* [Raw data]:

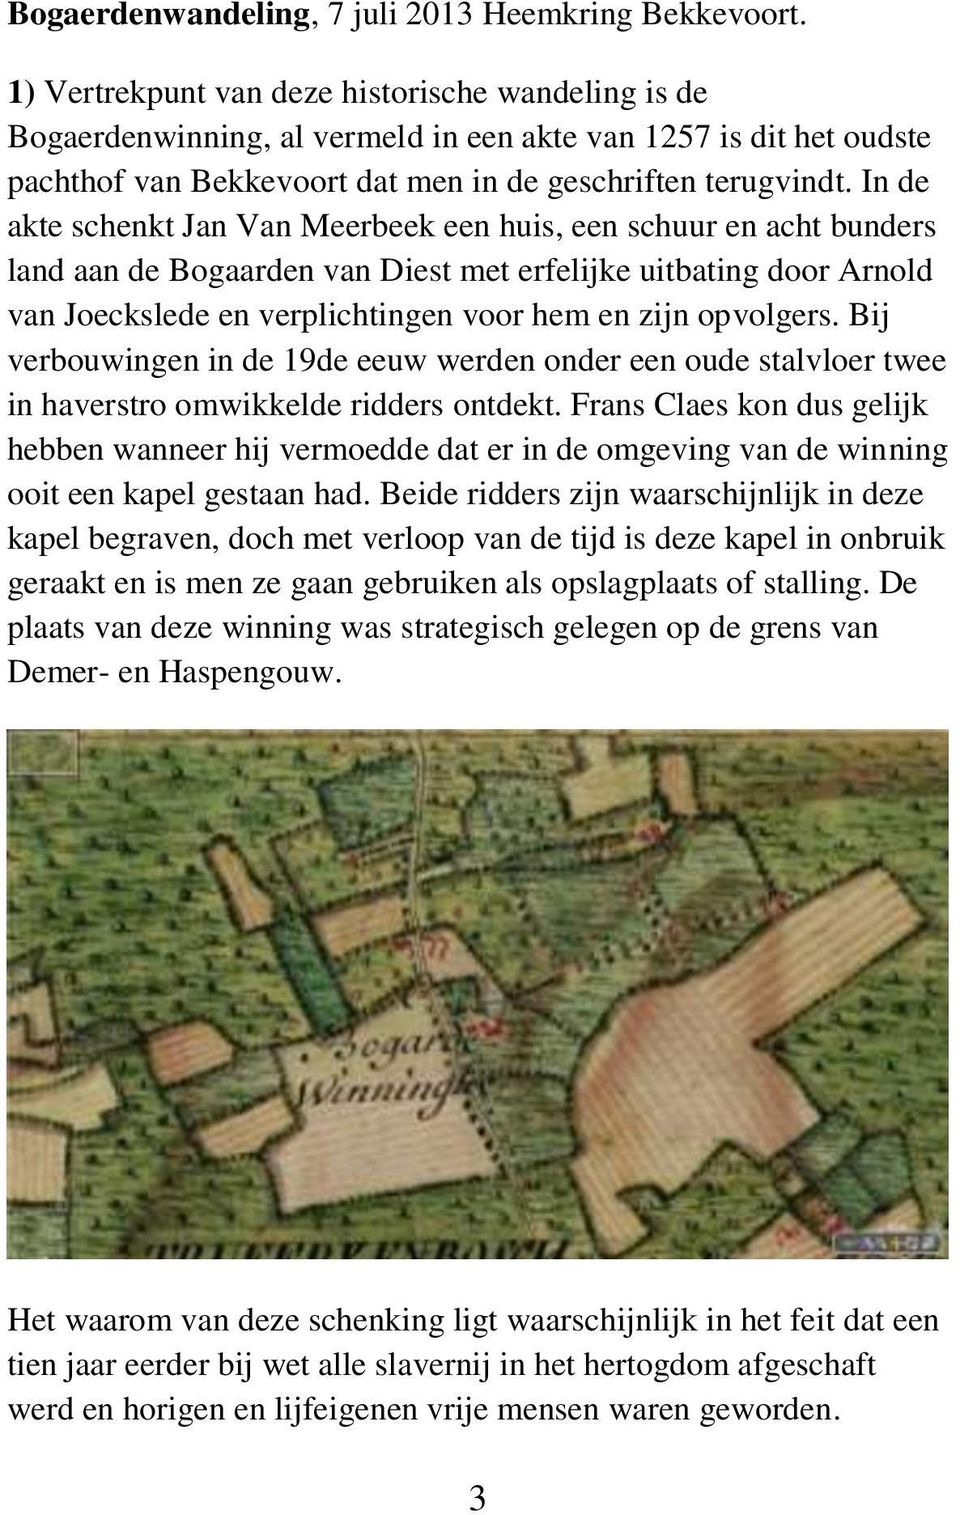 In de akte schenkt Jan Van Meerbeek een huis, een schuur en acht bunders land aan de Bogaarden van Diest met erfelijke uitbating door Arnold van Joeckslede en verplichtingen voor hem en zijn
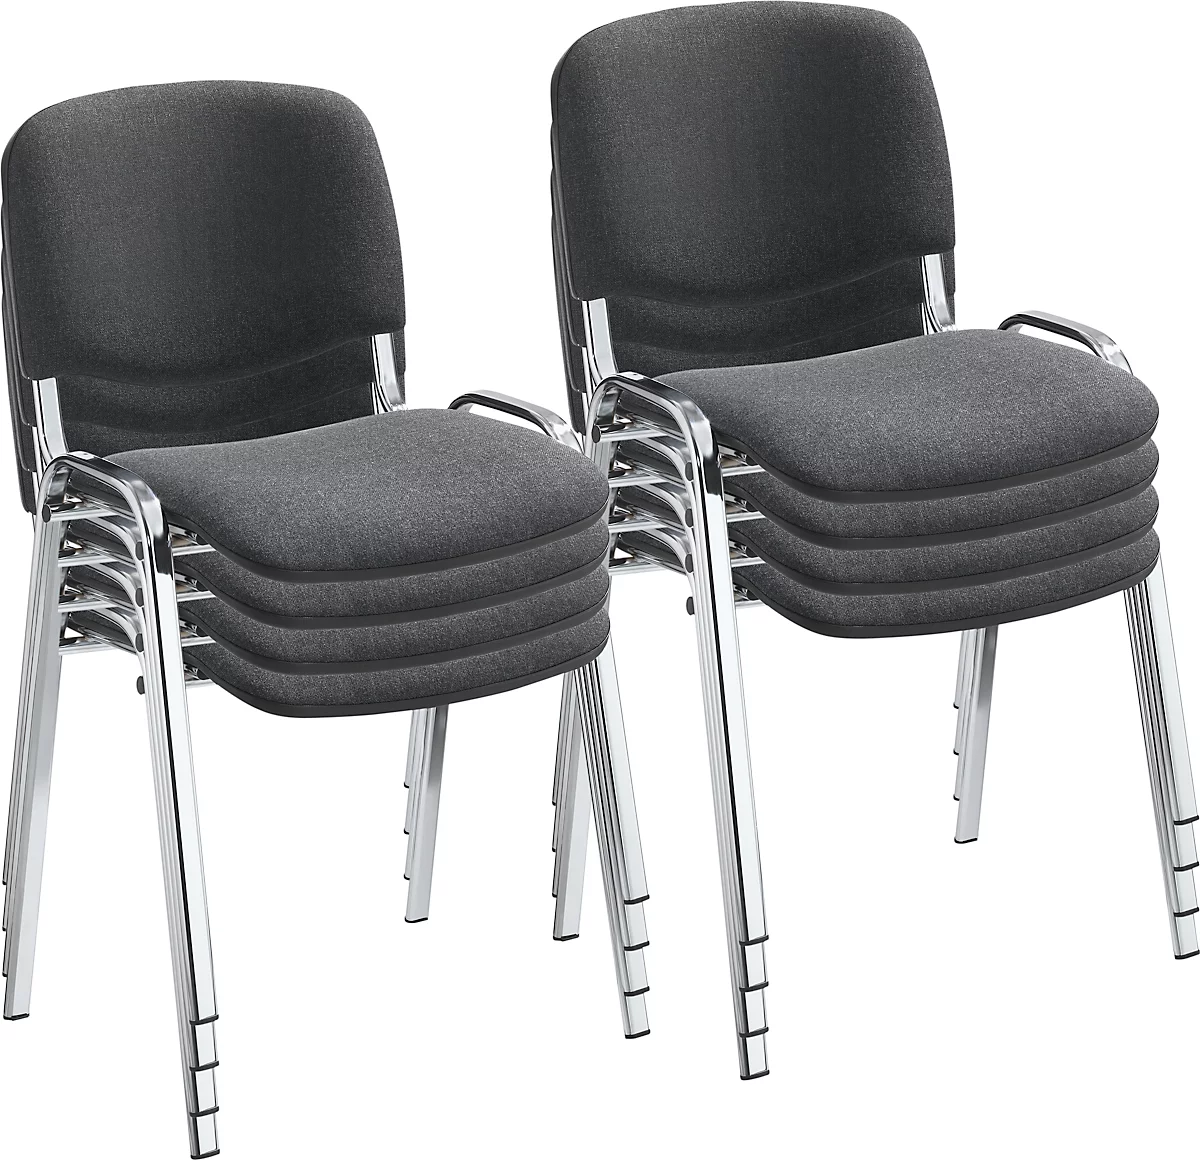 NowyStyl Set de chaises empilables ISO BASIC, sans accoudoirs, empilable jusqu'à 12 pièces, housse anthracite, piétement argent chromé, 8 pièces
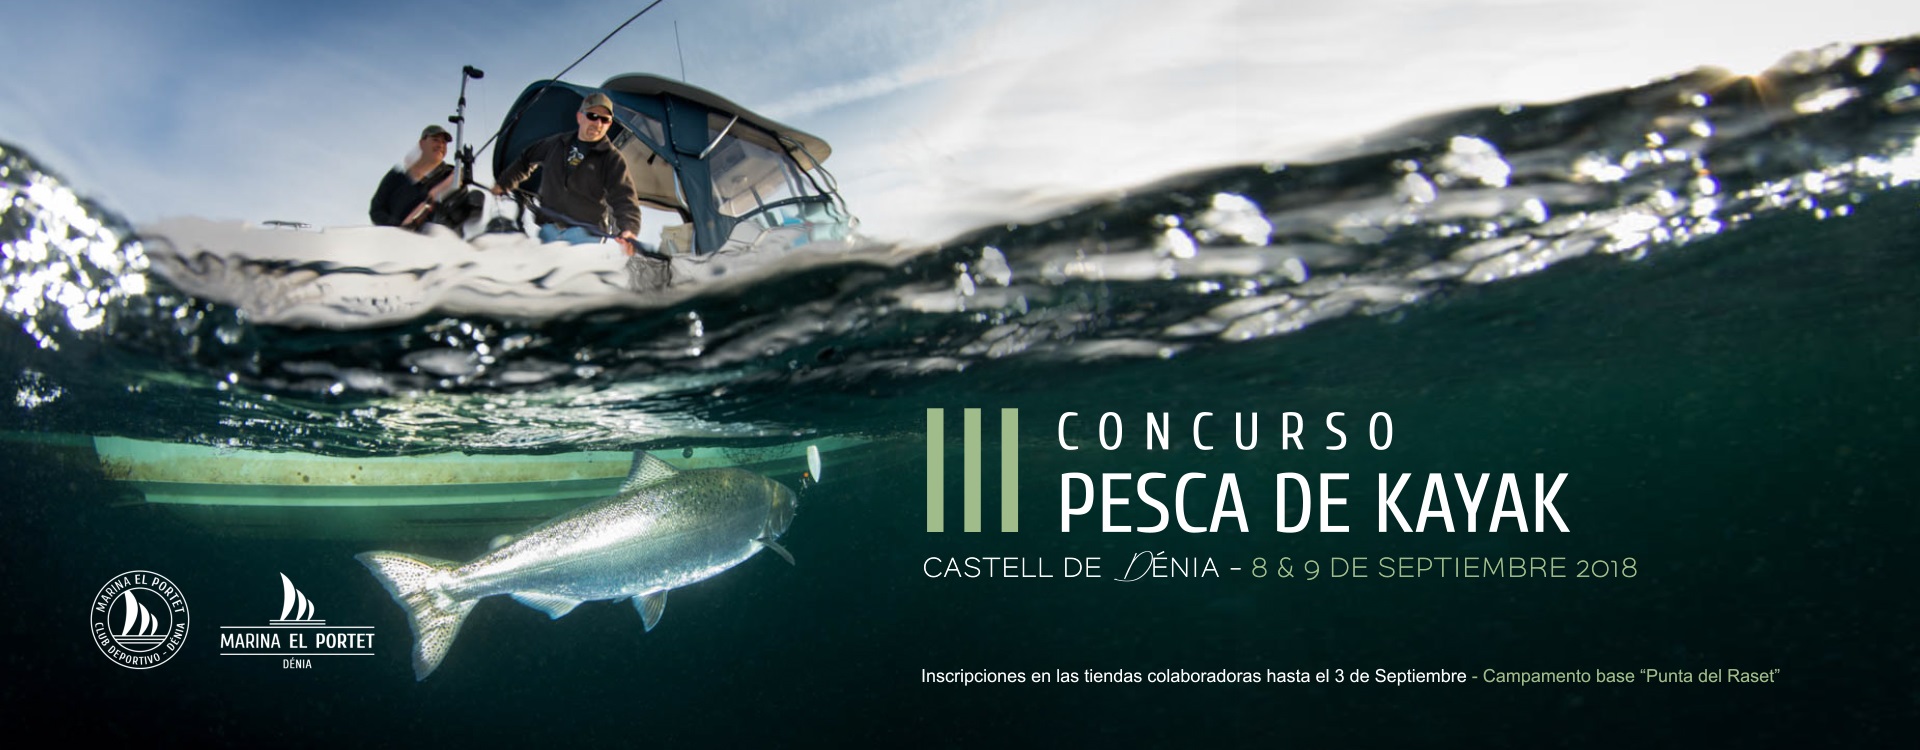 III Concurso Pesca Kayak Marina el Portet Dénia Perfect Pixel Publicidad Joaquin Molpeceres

* [Aim of the task]: Would you set down the listing exactly, omitting pictures?

* [Answer box]:
 In de akte schenkt Jan Van Meerbeek een huis, een schuur en acht bunders land aan de Bogaarden van Diest met erfelijke uitbating door Arnold van Joeckslede en verplichtingen voor hem en zijn
 NowyStyl Set de chaises empilables ISO BASIC, sans accoudoirs, empilable jusqu'à 12 pièces, housse anthracite, piétement argent chromé, 8 pièces
 III Concurso Pesca Kayak Marina el Portet Dénia Perfect Pixel Publicidad Joaquin Molpeceres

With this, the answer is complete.